The Darkness of Dachau August 27, 2001
It's hard to know how a place will affect you. I didn't really have any expectations about the Dachau Memorial Site. But Dave and Ellen wanted to go, and I'd been meaning to...
The Memorial Site for Concentration Camp Dachau is in the town of Dachau, just north of Munich. The site's nearness to a large sophisticated city, with it's culture, museums and university, somehow underscores the dreadfulness of the uncivilized things that happened here. We drove to Dachau, though one can easily get there via the city train, the S-Bahn, and a short bus ride. It was a lovely summer day. The sky was a cloudless blue, the sun brilliant; the Bavarian countryside with its fields of browns, greens and golds presented an eye-pleasing landscape.
In contrast, the Dachau Memorial Site is stark, made up of blacks, whites and grays -- gray and white guard towers, steel gray barbed wire, a huge black sculpture, dull white buildings, gray concrete foundations, and gravel and river-smoothed stones covering the ground in shades of gray. The contrast, the bareness, the lack of color all set the stage for the telling of dark history that occurred here.
Dachau was the first concentration camp. It was initially established
in a munitions factory down the road in 1933, but was soon over-full of political
opponents --- Communists, socialists, priests, Jews, and other problem people. The prisoners built
the second camp on the present site. Today only a small remnant of that
camp remains, mostly crematorium ovens and prison cells. One barrack has been
rebuilt; it's full, though it contains nothing but tightly-packed, nailed-together, empty, wooden bunk
beds. The rest of the camp and any needed details are left
for the visitor to mentally construct.

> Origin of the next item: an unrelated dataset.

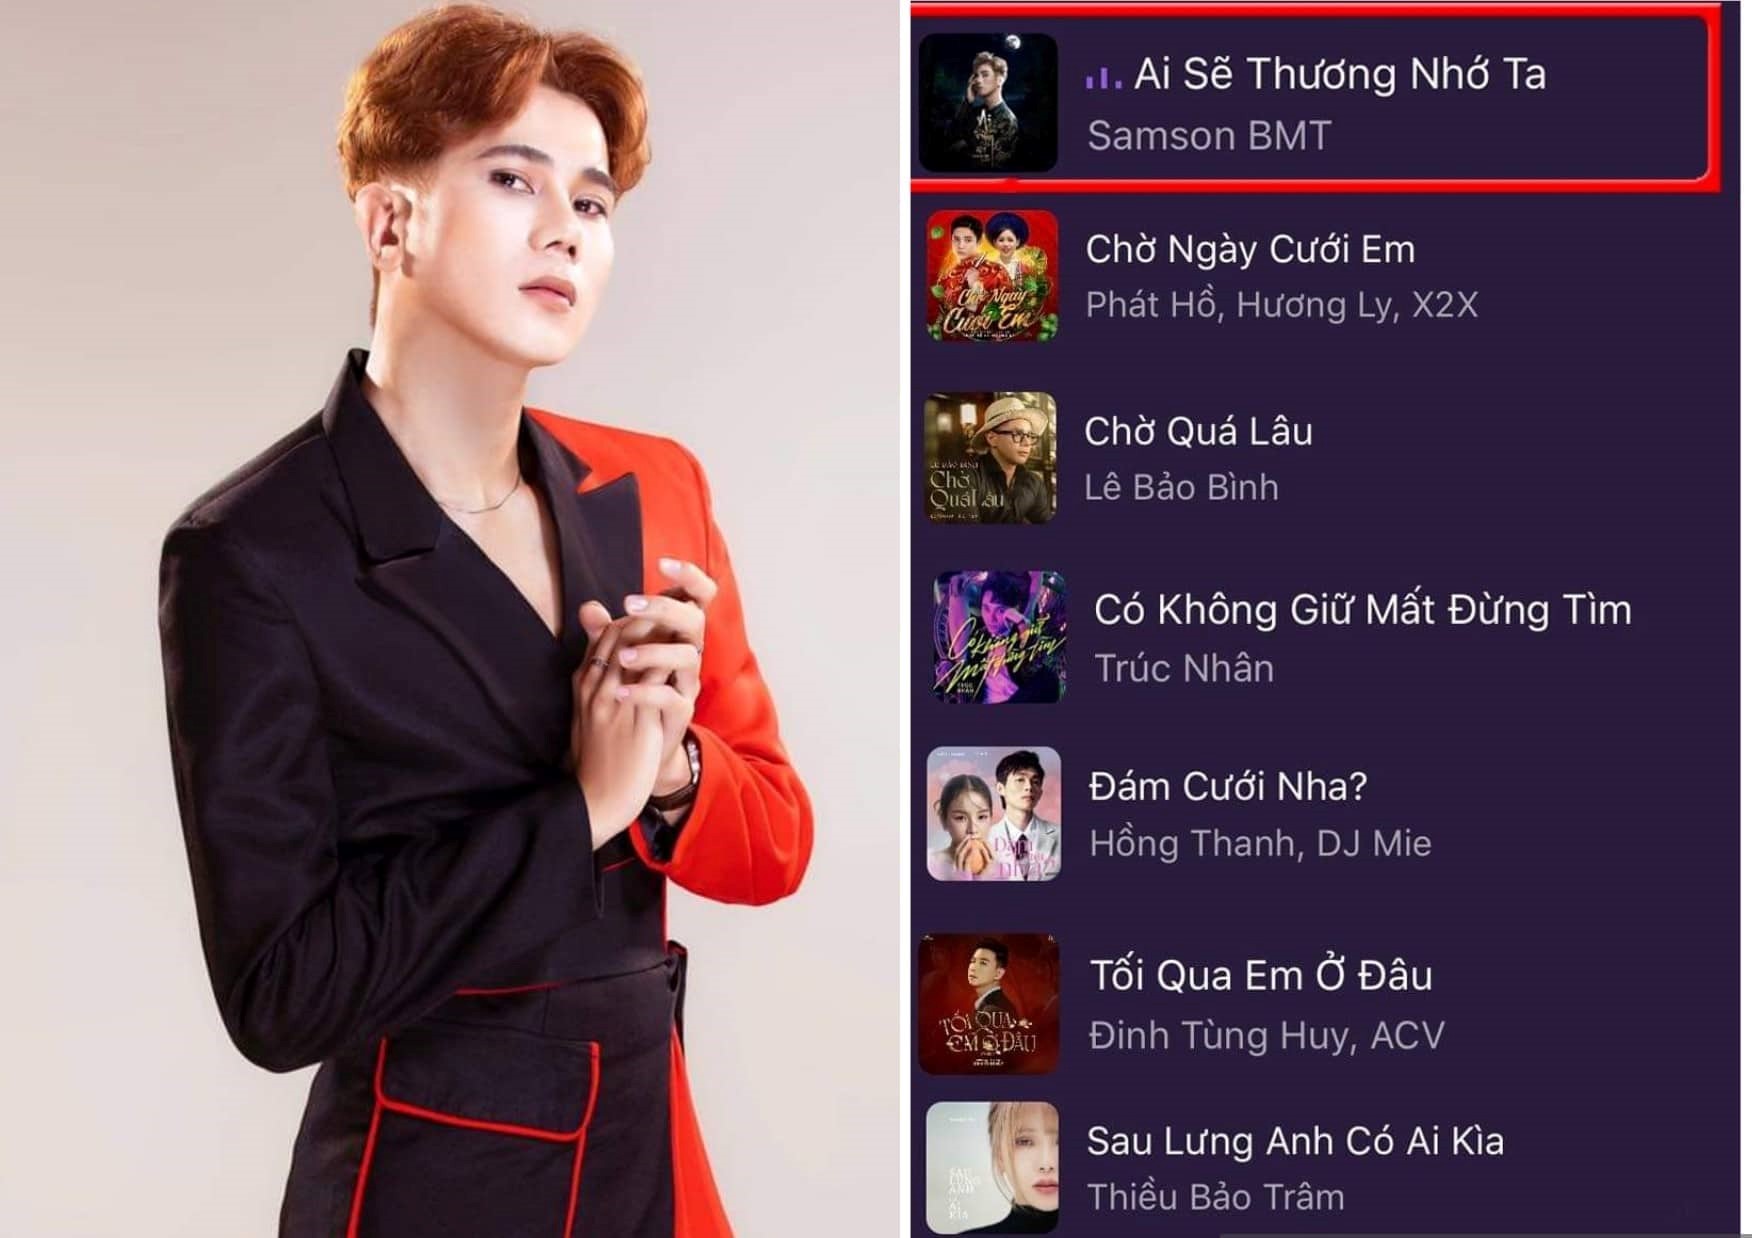 Samson BMT vượt Hương Ly, Lê Bảo Bình trên bảng xếp hạng Vpop - 1

For example, the other 14 barracks were
located on the concrete foundations shown in this photo.
There's
a museum with historical exhibits and photos, all in black and white, all presented in a flat factual manner, all trying to objectively
document what happened here. The exhibits highlight some
key events: Hitler's rise to power, the ruthless quelling of opposition, restrictions on Jews, life in the camp,
and the eventual liberation of Dachau's survivors by the Allied Forces. There's also a 2-hour tour in
English every day and a
powerful 25-minute film in the theater
hall. The
film's content was immobilizing;
when the announcer paused, the room was totally silent, no one moved, no one made a
sound;
it seemed no one was breathing.
The camp's 15 barracks were each built to hold 208 male prisoners. At its fullest, the Dachau Concentration Camp housed up to 1600 men in one barrack! These men, by then mostly Jews, were treated worse than animals: they were starved, punished, subjugated, herded, over-worked and subjected to deathly experimentation. They lived under appalling conditions in overcrowded unhealthy facilities, wearing dirty lice-infected prisoner's garb, with 5 men trying to sleep in a narrow bunk bed, crammed head to toe like sardines, each prisoner forced to lie on his side. (Those who managed to fall sleep were awakened in the middle of the night so everyone could together turn onto their other side.) Illness, pain, and despair were rampant. Many died; many committed suicide. The Nazi government and the guards were indifferent to the prisoner's survival; there were always more prisoners to meet their work needs.
We've all seen some
of the historical photos: survivors on liberation day (bald, emaciated men and women, in dingy, loosely hanging, striped
uniforms) or the
unbelievable piles of dead bodies -- pale, hollow-eyed heads, impossibly thin
arms and legs strewn about in random directions. This is one of
the Dachau photos.
I've been to the Holocaust Memorials in Jerusalem and in Washington D. C. But I've somehow managed to observe rather than confront the horror --- the reign of terror and death that actually faced my family, the friends of my parents, and the families of so many of my good friends. Clearly delving into this history would be disturbing. Why go there?
Nonetheless, the Memorial site at Dachau affected me profoundly. The information presented made it easy to visualize a day in the life of a prisoner 60 years ago and to imagine the years and years -- more than a dozen -- of misery and horror that happened here.
The reality, the starkness, and the darkness that was Concentration Camp Dachau has been wafting around me like a vapor. Living in Germany and being in an actual concentration camp has forced me to reflect on the Holocaust and to try to better understand its causes. I've been spending half days for the past 10 days searching the Internet, reading, and trying to learn more about the Why's. Why do people accept and commit genocide? Why did so many readily embrace Hitler's vision of Jews as "sub-human"? Why were ordinary Germans and other perpetrators able to do what they did? Why is the history of anti-Semitism so long?
Dachau left a strong impression on me: one that is more forceful, more intense than I expected; one that has gone deeper than I initially would have wished.